Mit der 2013 entstandenen fünften „Polt“-Verfilmung nach Alfred
Komareks Romanvorlage feierte das bewährte Trio Komarek, Pölsler und
Steinhauer nach zehnjähriger Pause sein Comeback. Der ehemalige
Landgendarm Simon Polt ist mittlerweile in Pension und hat auch kaum
noch Kontakt zu seinen Arbeitskollegen. Sein Leben ist wesentlich
ruhiger geworden, entspannt blickt er der gemeinsamen Zukunft mit
seiner Langzeitfreundin entgegen. Doch das ändert sich schlagartig,
als eine Leiche gefunden wird. Niemand will den Toten gekannt haben,
aber einige scheinen doch mehr von ihm zu wissen, als sie der Polizei
gegenüber zugeben wollen. Und so kommt es zu einem weiteren Auftritt
von Simon Polt – voller Spannung, psychologischer Raffinesse und
hintergründigem Humor.
Sonntag, 4. Oktober, 14.10 Uhr, Ö1: „Menschenbilder – Anstiftung zum
Innehalten“
„Anstiftung zum Innehalten“ lautet der Titel dieser Ausgabe der
Ö1-Porträtreihe „Menschenbilder“ über den Schriftsteller Alfred
Komarek. Er fing als Student zu schreiben an, weil er dringend Geld
brauchte: Glossen und Reportagen für Zeitungen, bald aber auch Texte
für das Radio. Es folgten Erzählungen, TV-Drehbücher und Romane. Sein
erster Kriminalroman „Polt muss weinen“ wurde mit dem
Friedrich-Glauser-Preis als bester deutschsprachiger Krimi
ausgezeichnet. Sechs seiner sieben „Polt“-Romane wurden als
ORF-Koproduktionen mit ARTE für das Fernsehen verfilmt. Während die
Polt-Romane von Alfred Komarek ins Weinviertel führen, erzählen
Romane wie „Die Villen der Frau Hürsch“, „Die Schattenuhr“,
„Narrenwinter“ oder „Doppelblick“ vom Leben im Salzkammergut. Alfred
Komarek lebt heute abwechselnd in Wien, in seinem Geburtsort Bad
Aussee und in Niederösterreich. Der genaue Blick auf Menschen und
Landschaften zeichnet die Texte des Schriftstellers aus. Mit seinem
umfangreichen Werk wurde er zu einem vielgelesenen, literarischen
Wegbegleiter durch österreichische und europäische
Kulturlandschaften.
Montag, 5. Oktober, ORF 2: Neues „kulturMontag“-Porträt „Alfred
Komarek – Der Geschichtensammler“ (23.40 Uhr), danach „Polt muss
weinen“ (0.00 Uhr)
Mit seinem Inspektor Simon Polt erschuf der gebürtige Bad Ausseer
Alfred Komarek eine österreichische Figur, die aus der
deutschsprachigen Krimilandschaft nicht mehr wegzudenken ist.
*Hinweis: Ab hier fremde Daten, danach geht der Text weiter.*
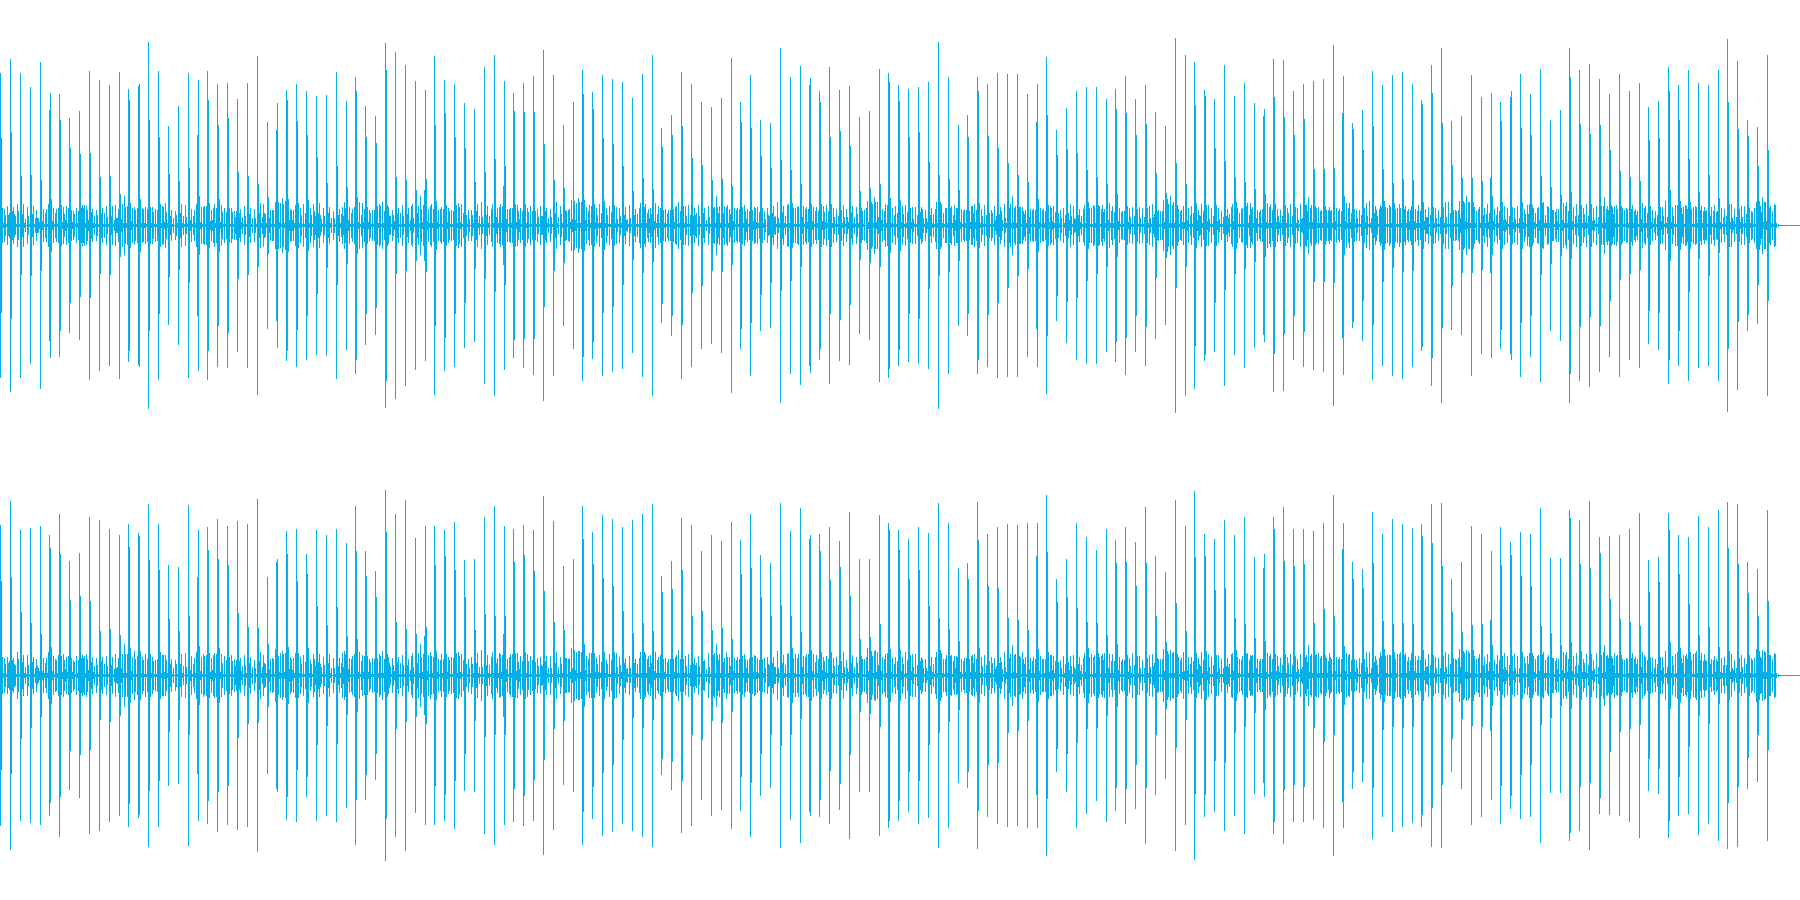 秒針エフェクト02の再生済みの波形

Kongenial wurde er von Erwin Steinhauer in der vom ORF verfilmten,
beliebten „Polt“-Reihe dargestellt. Der brummige, dem Wein nicht
abgeneigte Ermittler ist allen Leserinnen und Lesern ans Herz
gewachsen. Komareks Romane sind aber vor allem ironische und
liebevolle Milieustudien des Weinviertels. In Bad Aussee geboren, kam
er als Student nach Wien, und begann zu schreiben, da er laut eigenen
Angaben „dringend Geld brauchte“. Die ersten schriftstellerischen
Arbeiten waren Glossen und Reportagen für Zeitungen. Mit Texten für
das Radio gewann er in den 1970er Jahren eine große Fangemeinde – die
Ö3-Sendung „Melodie exklusiv“ wurde legendär. Für das neue
Filmporträt von Sandra Krieger zum 75. Geburtstag öffnet der
passionierte Sammler die Türen zu seinen „drei Höhlen“, wie er seine
Wohnsitze in Wien, im Salzkammergut und im Weinviertel nennt. Darin
befinden sich allerhand schöne, wunderliche und besondere Dinge.